Bu vurguların ardından ayetlerde dikkati çeken başka bir husus da, verilen rızıkların temiz (tayyib) olanlarından yemektir. Cenab-ı Allah, İsrail oğullarına verdiği nimetleri saydıktan sonra şöyle demektedir: “Size verdiğimiz rızıkların temizlerinden yiyin.” (Bakara, 57). Aynı surenin 172. ayet-i kerimesi ise müminlere yöneliktir: “Ey iman edenler! Size rızık olarak verdiklerimizin temiz olanlarından yiyin.” A’râf suresinin 160. ayetinin son kısmı da Bakara suresinin 57. ayetiyle, bir iki zamir değişikliğiyle, aynıdır ve yine Yahudilere yöneliktir. Allah’ın İsrail oğullarını temiz gıdalarla rızıklandığını, Yunus (ayet: 93) ve Câsiye (ayet: 16) surelerinde de görmekteyiz. Tâhâ 81. ayette de yine yahudilere, kendilerine rızık olarak verilenlerin temiz olanlarından yemeleri emredilmektedir. Enfâl 26 ve Mümin 64 ayetlerini de bu manada değerlendirebiliriz.

Bu konuda üzerinde özellikle durulması gerek bir ayet vardır. Hak Teala Hazretleri, Mü’minûn Suresi’nde (ayet: 51) şöyle demektedir: “Ey peygamberler! Temiz şeylerden yiyiniz ve salih (güzel ve iyi) ameller işleyiniz.” Burada akla şöyle bir soru gelebilir: “Acaba Allah’ın peygamberleri temiz şeylerden yemiyorlar, salih ameller işlemiyorlardı da, Allah ondan dolayı mı onlara bunu emretti?” Herkesin bildiği gibi peygamberler için böyle bir durum asla söz konusu olamaz. Burada maksat, insan peygamber de olsa, bu konu kendisine hatırlatılmalıdır. Çünkü bu, asla ihmale gelmeyecek bir meseledir. İnsan, son nefesini vereceği âna kadar bu hal, bu dikkat ve hassasiyet üzere olmalıdır. Temiz şeyler yemek ve salih ameller işlemek, devamlılık isteyen davranış ve hareketlerdir. Daima, her zaman ve her yerde böyle davranın, demektir. Peygamberlerin bu davranışları, kendileri örnek oldukları için, ümmetleri tarafından takip edilir.

Ayette verilmek istenen asıl mesaj, konumuzu doğrudan ilgilendirmektedir.
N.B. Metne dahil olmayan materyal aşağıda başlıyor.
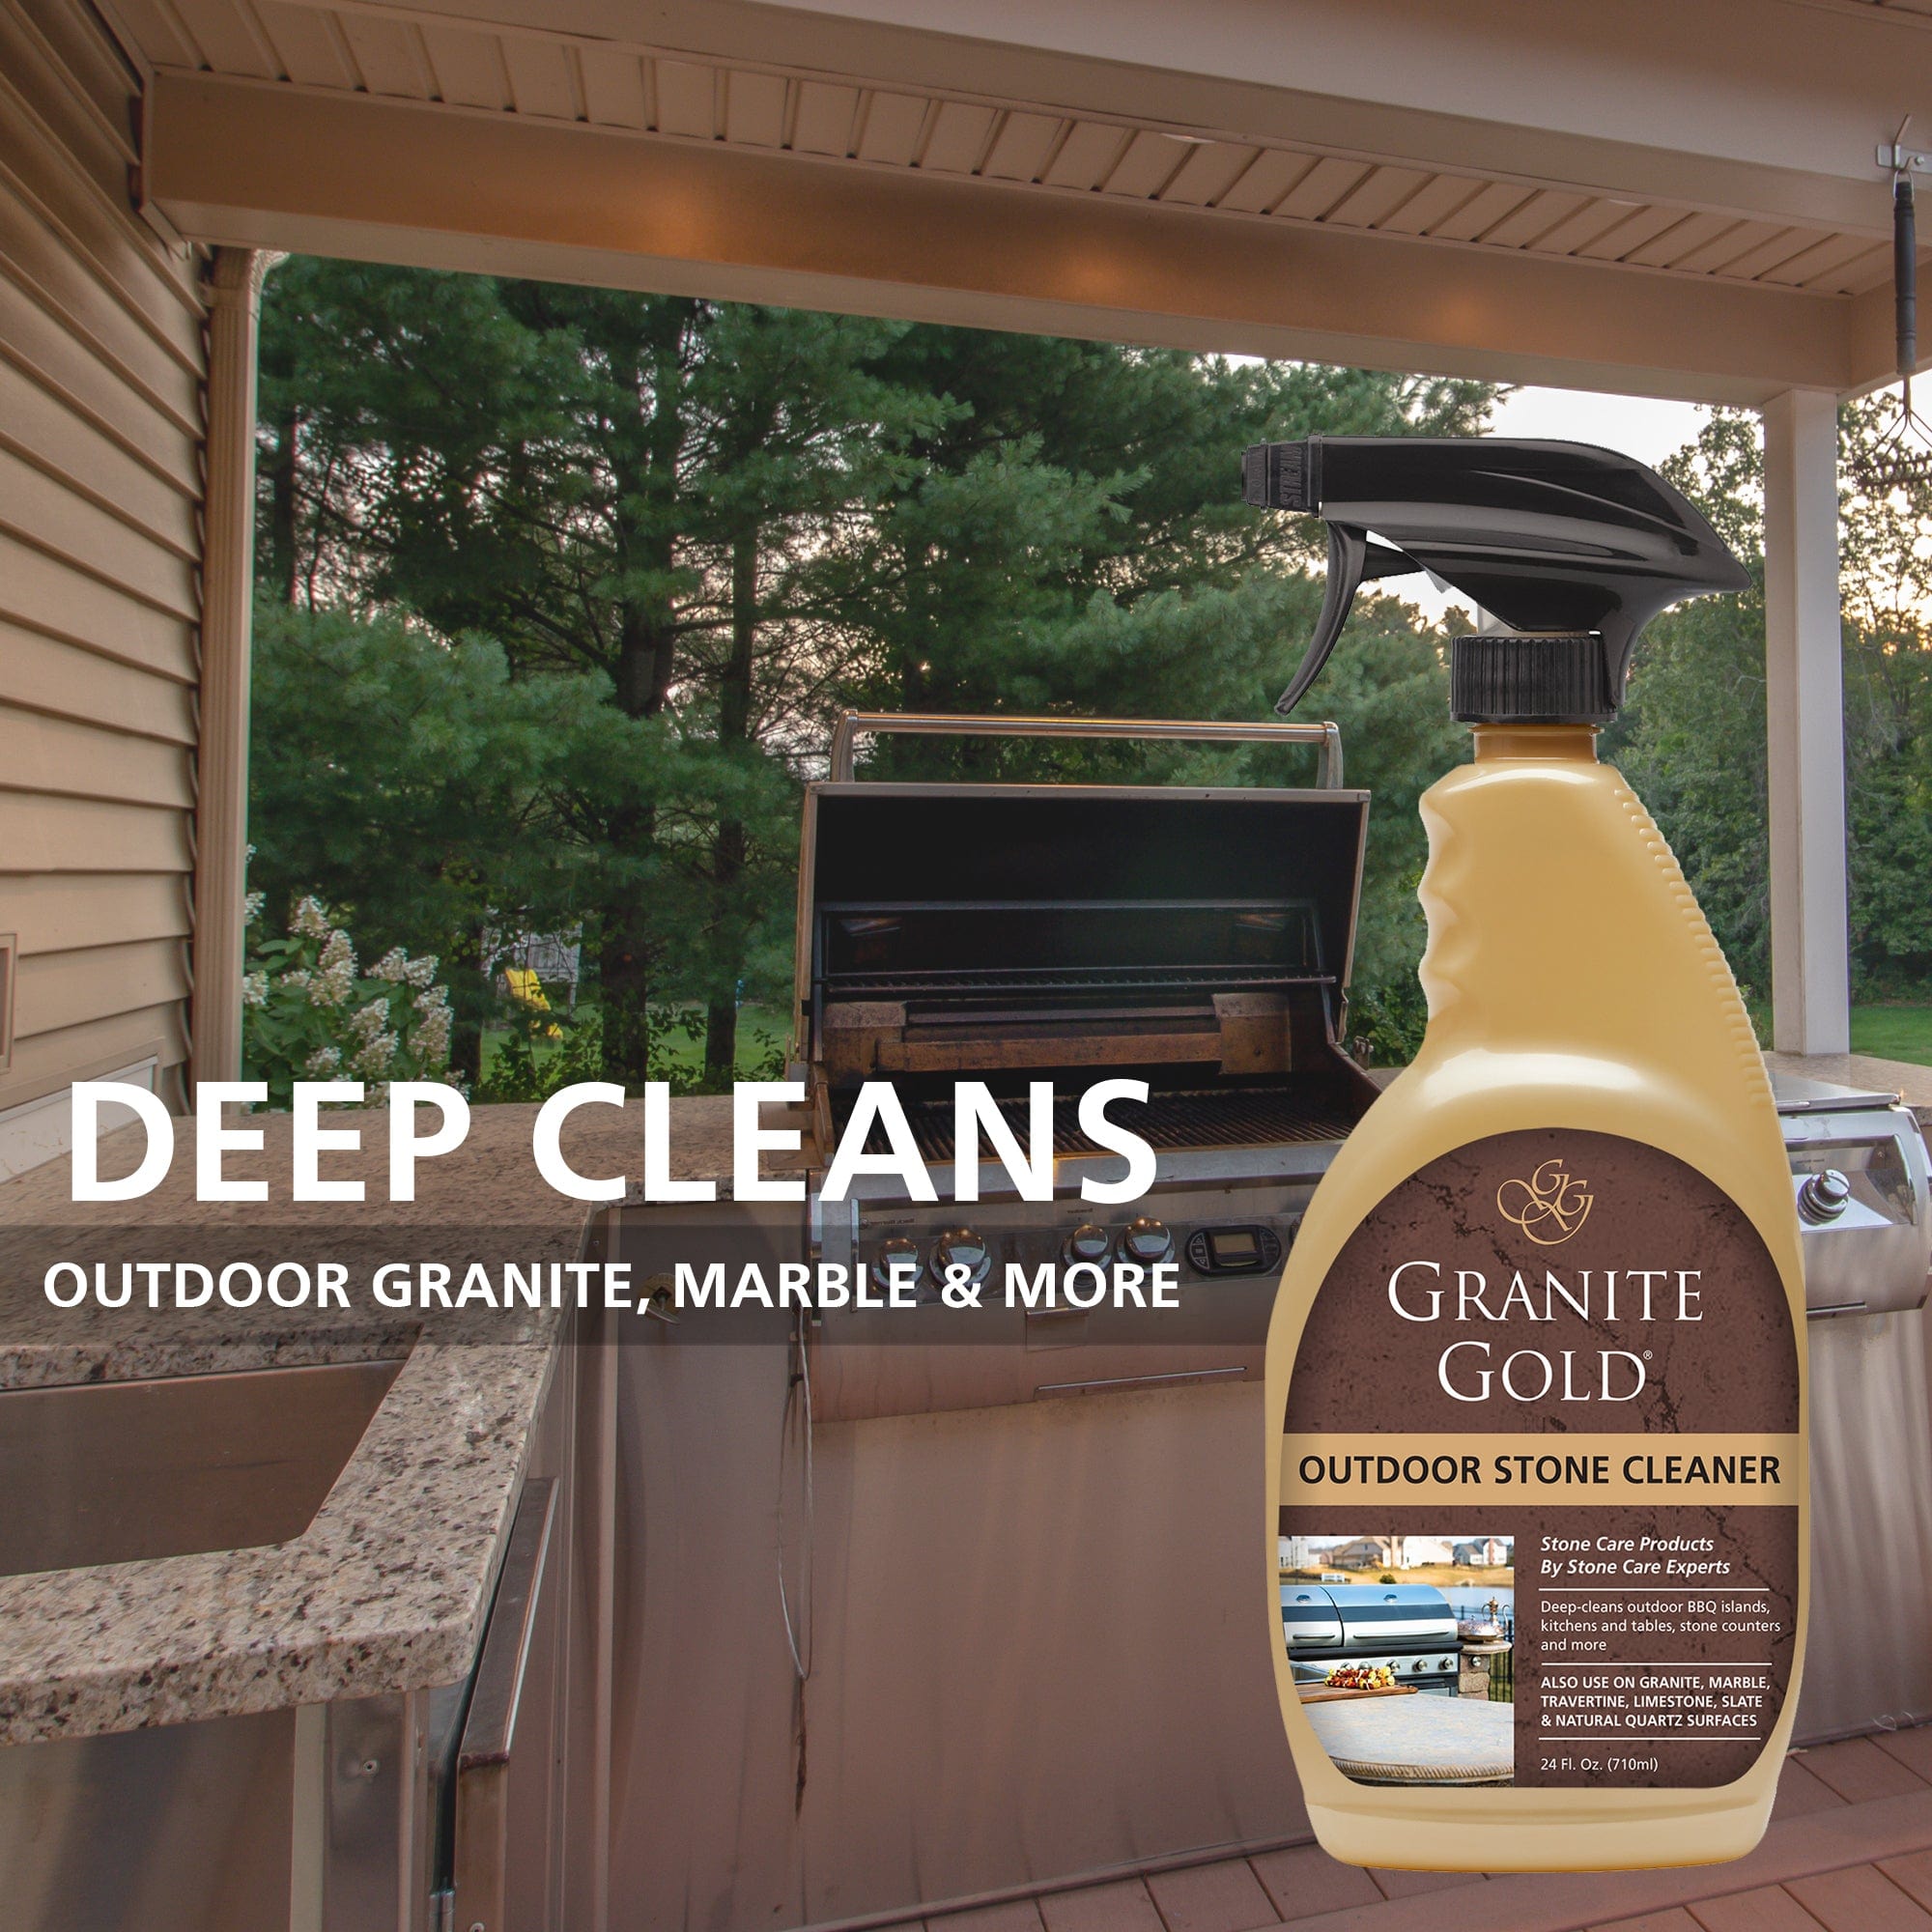 Golden Care Multi-Surface Outdoor Furniture Cleaner

Görüldüğü üzere ayette iki şey, emredilmektedir: “Temiz şeylerden yemek” ve “salih (güzel ve iyi) ameller işlemek.” Buradaki sıralama dikkat çekicidir. “Temiz şeylerden yemek”, “salih (güzel ve iyi) ameller işlemek”ten önce zikredilmiştir. Çünkü salih ameller işlemek, temiz şeylerden yemeye bağlıdır. Bu bağlamda nazara erilmesi gereken diğer bir husus da, peygamberlerin “temiz şeylerden yemek”ten sonra “namaz kılın”, “ibadet edin” gibi özel bir amele değil de, “salih (güzel ve iyi) ameller işlemek” gibi genel bir davranış ve hareket alanına yöneltilmiş ve yönlendirilmiş olmalarıdır. Namaz kılmaktan cihad etmeye, hayır hasenat yapmaktan evlenmeye kadar her şey, salih amele dâhildir. Helal ve temiz gıdalar yemeyen bir insandan salih ameller sadır olmaz, helal ve temiz yiyeceklerle beslenmeyen bir bedenden faydalı, iyi, güzel davranış ve hareketler meydana gelmez.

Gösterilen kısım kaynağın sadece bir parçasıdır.